Strafstoß führt zum Sieg

Höhepunkt eines schwachen Endspiels, in dem die deutsche Nationalmannschaft ihre spielerische Überlegenheit zunächst nicht in Tore umsetzen konnte, war ein umstrittener Elfmeter in der 85. Minute. Der argentinische Abwehrspieler Sensini soll den deutschen Mittelstürmer Rudi Völler nach einem Steilpass von Lothar Matthäus im Strafraum zu Fall gebracht haben. Die Zeitlupe konnte allerdings eine Einwirkung des Gegners nicht belegen. Vor 73.000 Zuschauern verwandelte Andreas Brehme den Strafstoß sicher zum alles entscheidenden Siegtreffer. Argentiniens Superstar Diego Maradona konnte die Niederlage seines Teams nicht mehr verhindern, war allerdings auch weit von seiner Bestform entfernt. Trotz des zweifelhaft zustande gekommenen Finalsiegs waren sich die Fachleute einig: Deutschland hatte sich den Titel durch konstante Leistungen über das gesamte Turnier verdient. Rechnet man zu den drei gewonnenen Weltmeistertiteln noch die Vizeweltmeisterschaften von 1966, 1982 und 1986 hinzu, so war die DFB-Auswahl nunmehr die erfolgreichste Mannschaft der 60-jährigen WM-Geschichte.

Unvergessen blieb eine Szene unmittelbar nach dem Schlusspfiff. Allein, die Hände in den Hosentaschen und ganz in sich versunken, spazierte Teamchef Franz Beckenbauer über den Rasen und genoss still seinen Triumph. Nur ihm und dem Brasilianer Mario Zagallo war es bis dahin gelungen, als Spieler (1974) und als Trainer Weltmeister zu werden.

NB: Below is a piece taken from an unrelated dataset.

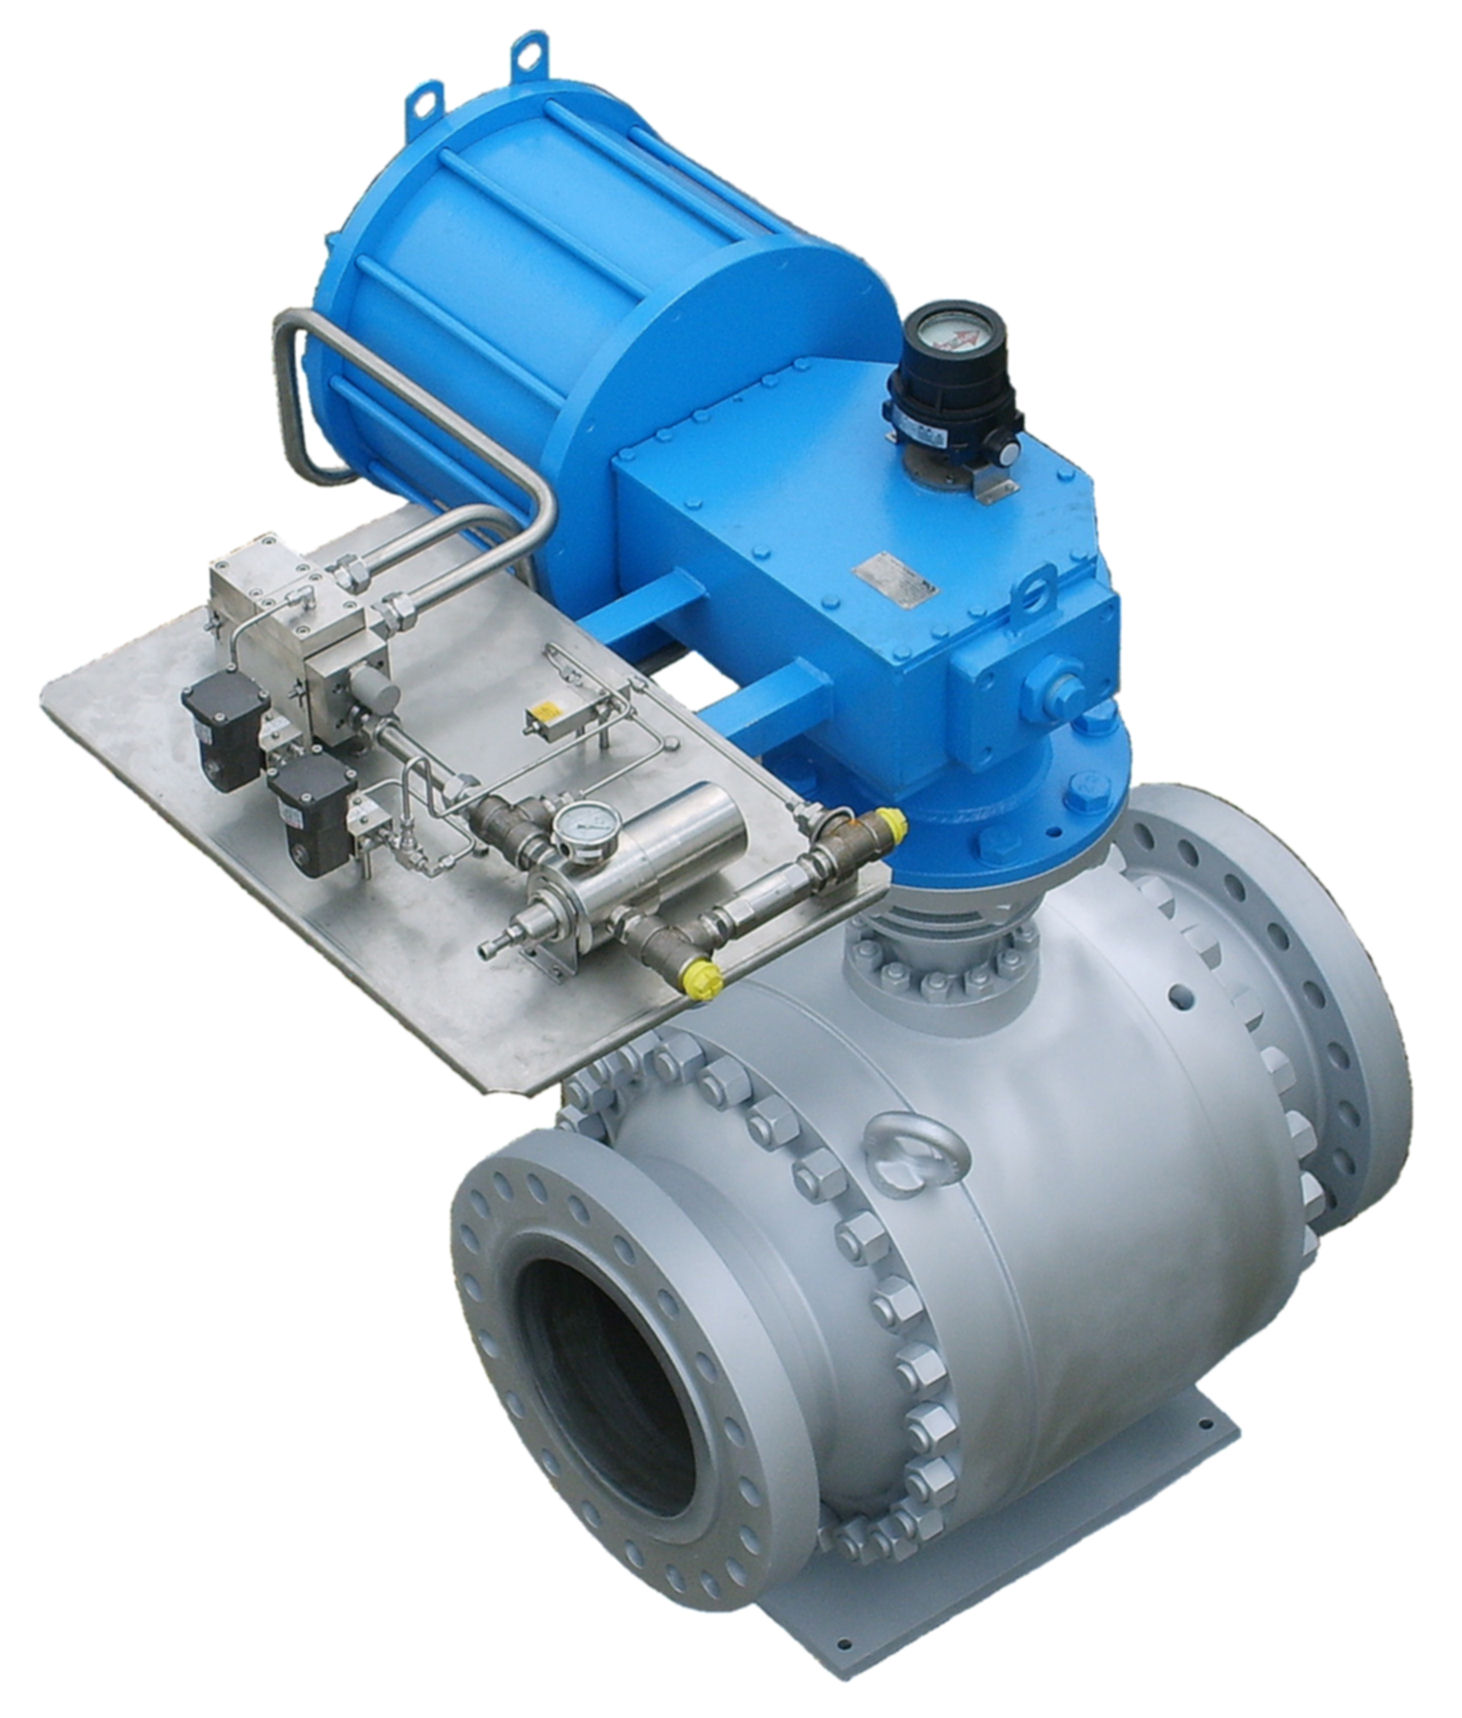 True metal seated ball valve for high temperature application mounted with Scotch-Yoke actuator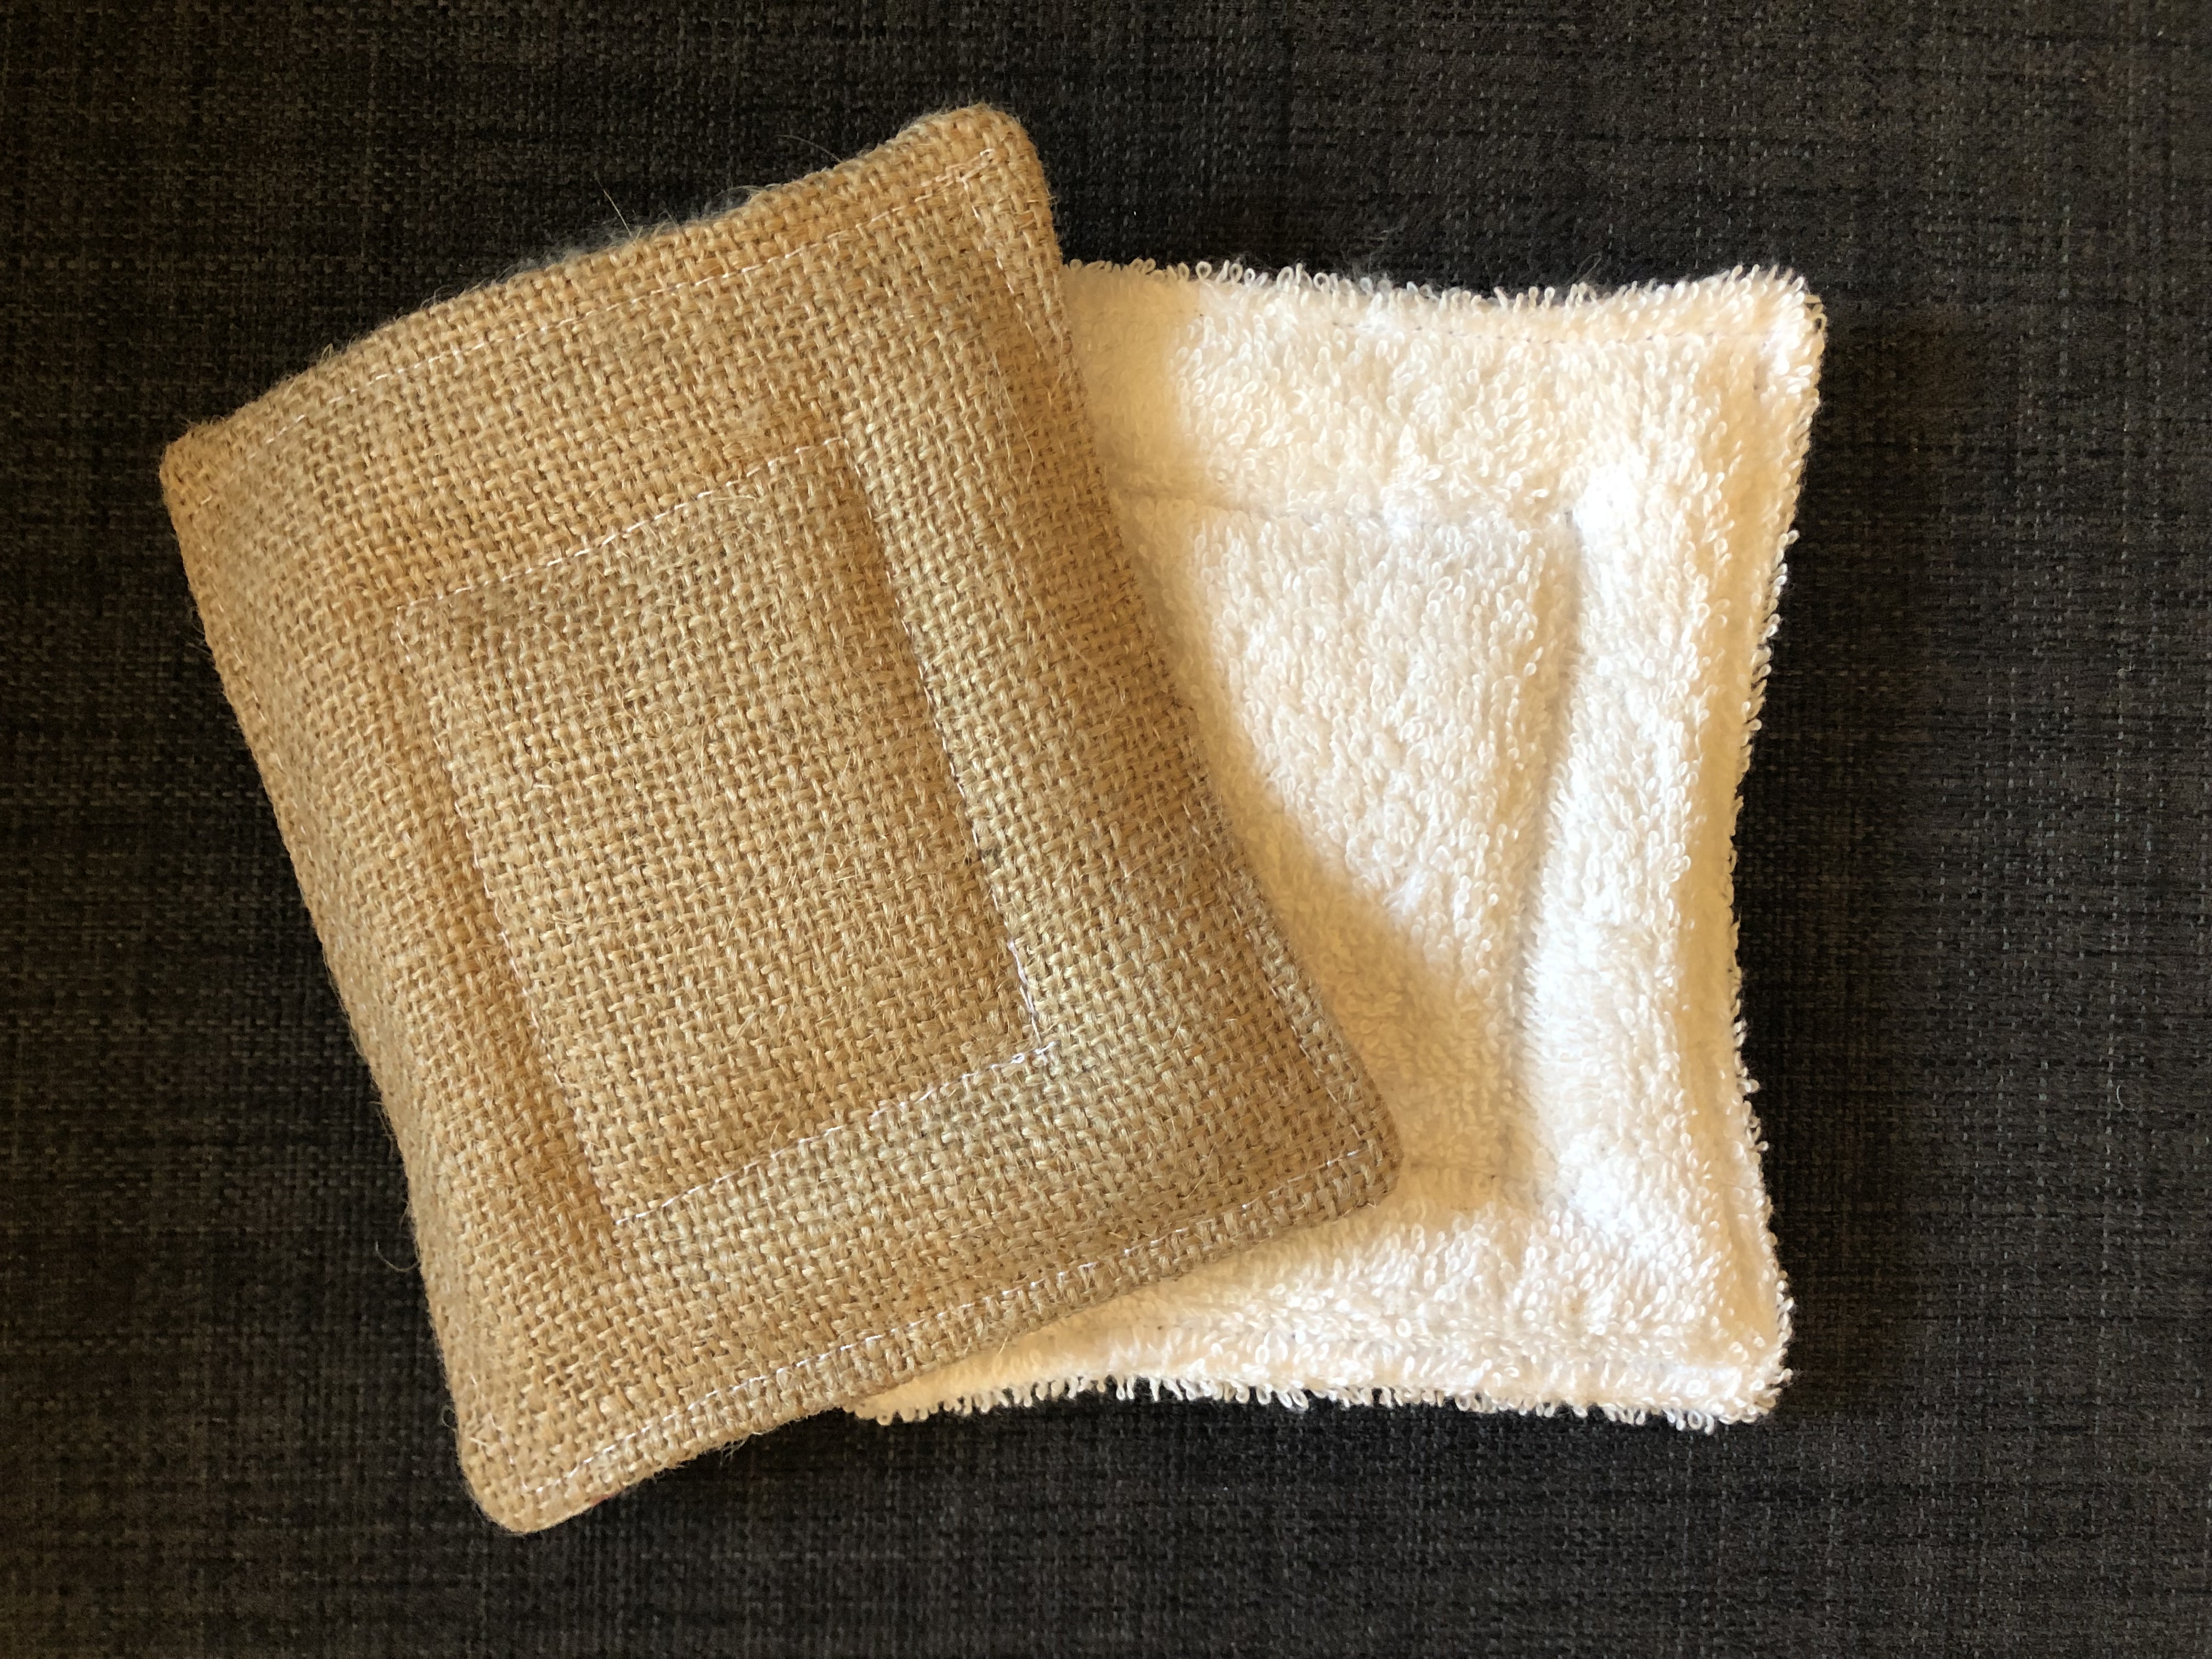 Unsponge hessian and terry cloth eco-friendly sponges

Das deutsche Team erwies sich während der 14. Fußballweltmeisterschaft als kampfstärkste Mannschaft des Turniers. Spielerische Akzente setzte sie in der Vorrunde beim 4:1 gegen Jugoslawien und beim 2:1 gegen Europameister Niederlande im Achtelfinale. Für einen Skandal sorgte der Niederländer Frank Rijkhaard, der Rudi Völler nach einem Zweikampf und einem Wortgefecht bespuckte. Beide Spieler schickte der Unparteiische umgehend vom Platz. Es folgte ein 1:0-Sieg im Viertelfinale gegen die Tschechoslowakei, ehe im Halbfinale England wartete. In einem Fußballkrimi behielten die Deutschen im Elfmeterschießen mit 5:4 (1:1 n.V.) die Oberhand.